The study, titled "A Comprehensive Performance Evaluation of Different Kubernetes CNI Plugins for Edge-based and Containerized Publish/Subscribe Applications" by Zhuangwei Kang, Kyoungho An, A. Gokhale, and Paul N Pazandak, investigates the impact of Kubernetes network virtualization on DDS applications. The study assesses various CNI plugins on hybrid edge/cloud K8s clusters, specifically examining throughput, latency, and resource utilization. The findings provide valuable insights into choosing a suitable network plugin for latency-sensitive applications. Additionally, they propose the necessity for further investigation into enhancing the costs connected with virtualization. The authors emphasize the significance of investigating edge computing environments' unique requirements further and developing tailored solutions to meet these needs. Furthermore, the paper proposes exploring sophisticated network optimization strategies to enhance the efficiency and reliability of DDS applications in Kubernetes systems [29].
Ritik Kumar and M. Trivedi conducted a comprehensive analysis of Kubernetes networking and CNI plugins in the article "Networking Analysis and Performance Comparison of Kubernetes CNI Plugins." The study performs benchmark tests to assess various plugins, focusing on differences in performance concerning cost, maintenance, and fault tolerance. The authors propose further investigation into multi-host communication and ingress management to enhance network performance holistically. In addition, they suggest investigating innovative approaches to improve the scalability and reliability of Kubernetes networking solutions. Moreover, the research highlights the importance of continuous monitoring and adjusting CNI plugins to maintain the best possible network performance in complex and extensive setups [30].

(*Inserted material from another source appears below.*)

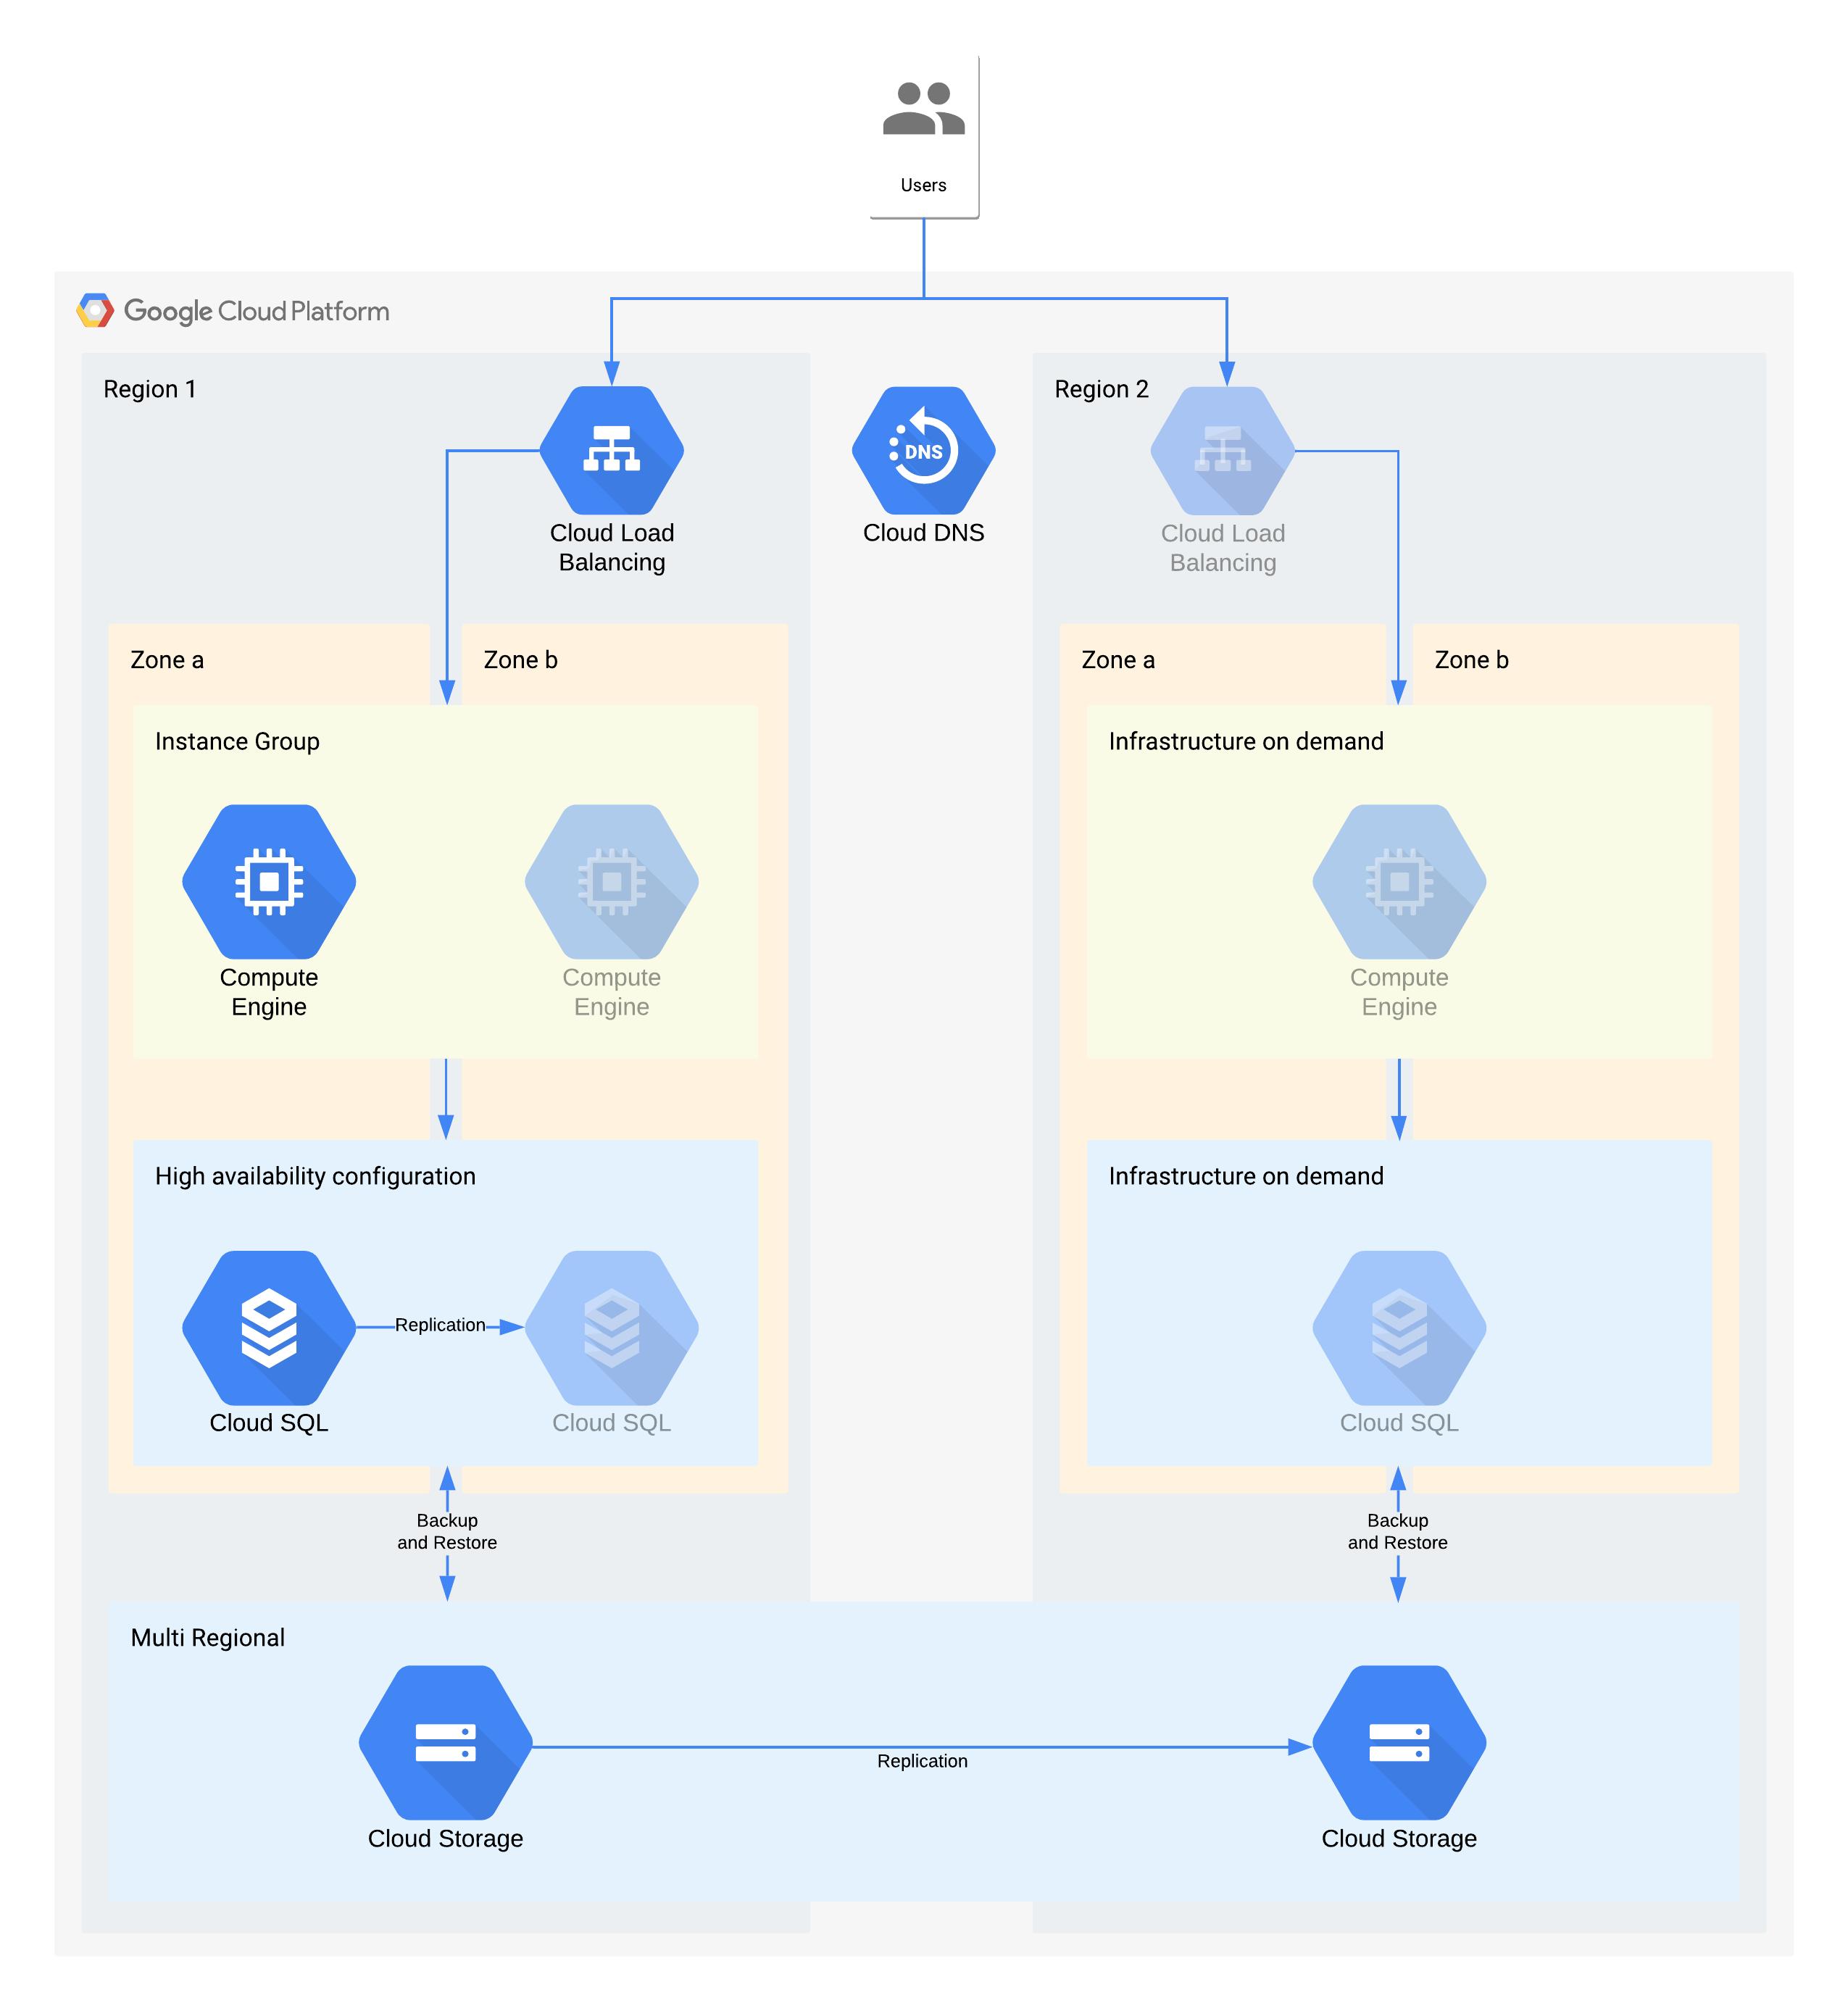 Google Cloud 제품을 사용하는 등급 3 아키텍처 예시

A paper by Ayesha Ayub, Mubeena Ishaq, and Muhammad Munir presents a new CNI plugin for Multus that improves network performance by removing the need for additional plugin configurations. The study demonstrates significant enhancements in the efficiency of DPDK (Data Plane Development Kit) applications in cloud-native environments. It highlights the necessity for further investigation into smoothly integrating sophisticated networking functionalities into CNI plugins. The authors also highlight the possible benefits of combining DPDK with other high-performance networking technologies for optimal results. Additional research is required to assess the capacity of the proposed solutions to be readily expanded and adjusted in various scenarios to validate their practicality in real-life contexts [31].

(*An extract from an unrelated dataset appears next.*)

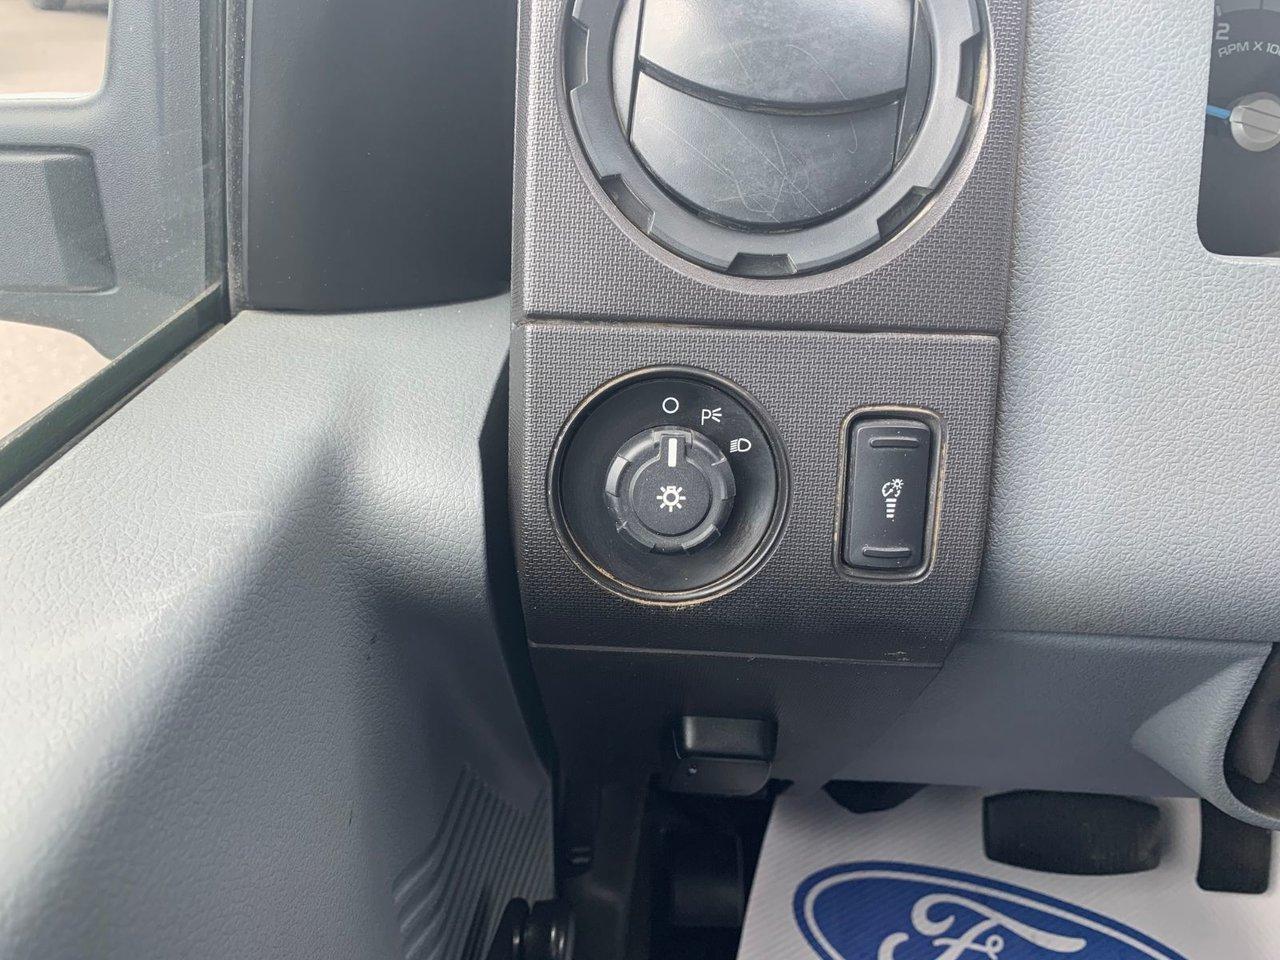 2013 Ford Super duty F-550 DRW CUBE XL 12 PIEDS

An article written by Andrea Garbugli, Lorenzo Rosa, A. Bujari, and L. Foschini has just unveiled a cutting-edge technology known as KuberneTSN. This Kubernetes network plugin enables expedited communication. The study showcases KuberneTSN's ability to meet predictable deadlines and outperform alternative overlay networks. Future research should focus on prioritizing the enhancement of support for diverse application requirements and the optimization of the scalability of time-sensitive networks. The authors suggest investigating the integration of KuberneTSN with supplementary real-time communication protocols to improve performance further. Furthermore, the study proposes exploring the possible benefits of incorporating KuberneTSN with sophisticated scheduling and resource management approaches to enhance the overall system performance [32].

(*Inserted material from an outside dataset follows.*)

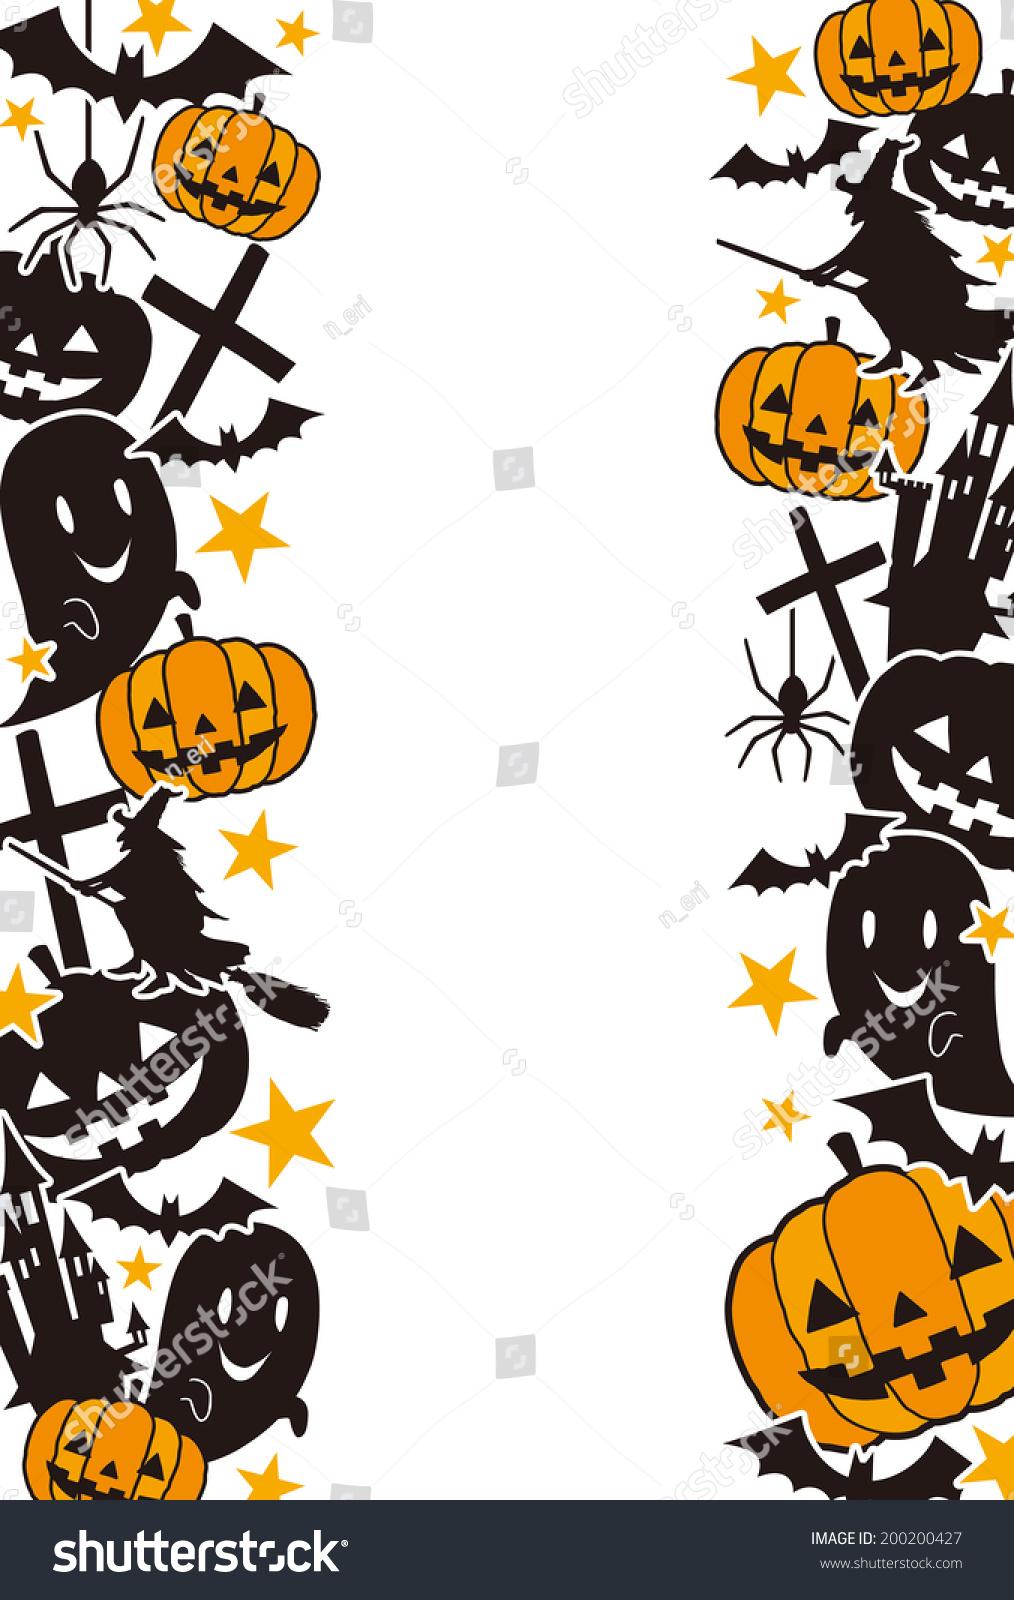 halloween frame stock vector (royalty free) 200200427 - shutterstock

The article by Youngki Park, Hyunsik Yang, and Younghan Kim investigates and compares the efficiency of various CNI plugins in both OpenStack and Kubernetes environments. The study highlights crucial performance metrics and suggests implementing containerized cloud applications. Further study is recommended to optimize computer network infrastructure (CNI) configuration and improve network performance in various contexts. The authors stress the significance of regularly monitoring and fine-tuning CNI parameters to guarantee optimal performance. Moreover, the study suggests researching the impact of multiple hardware configurations and virtualization technologies on the performance of CNI plugins. This research aims to identify the most efficient setups for application requirements [33].
A research paper by Francesco Lombardo, S. Salsano, A. Abdelsalam, Daniel Bernier, and C. Filsfils examines the integration of SRv6 with the Calico CNI plugin. The study demonstrates the benefits of SRv6 in large-scale and distributed scenarios involving many data centers. It highlights the exceptional performance and characteristics of SRv6. Future research should focus on enhancing control plane architectures and expanding support for SRv6 in Kubernetes environments. The authors suggest exploring new uses for SRv6 in different networking situations to utilize its strengths fully. Additionally, the study proposes to investigate the impacts of alternative SRv6 configurations on the efficiency and scalability of Kubernetes installations to optimize results in diverse settings [34].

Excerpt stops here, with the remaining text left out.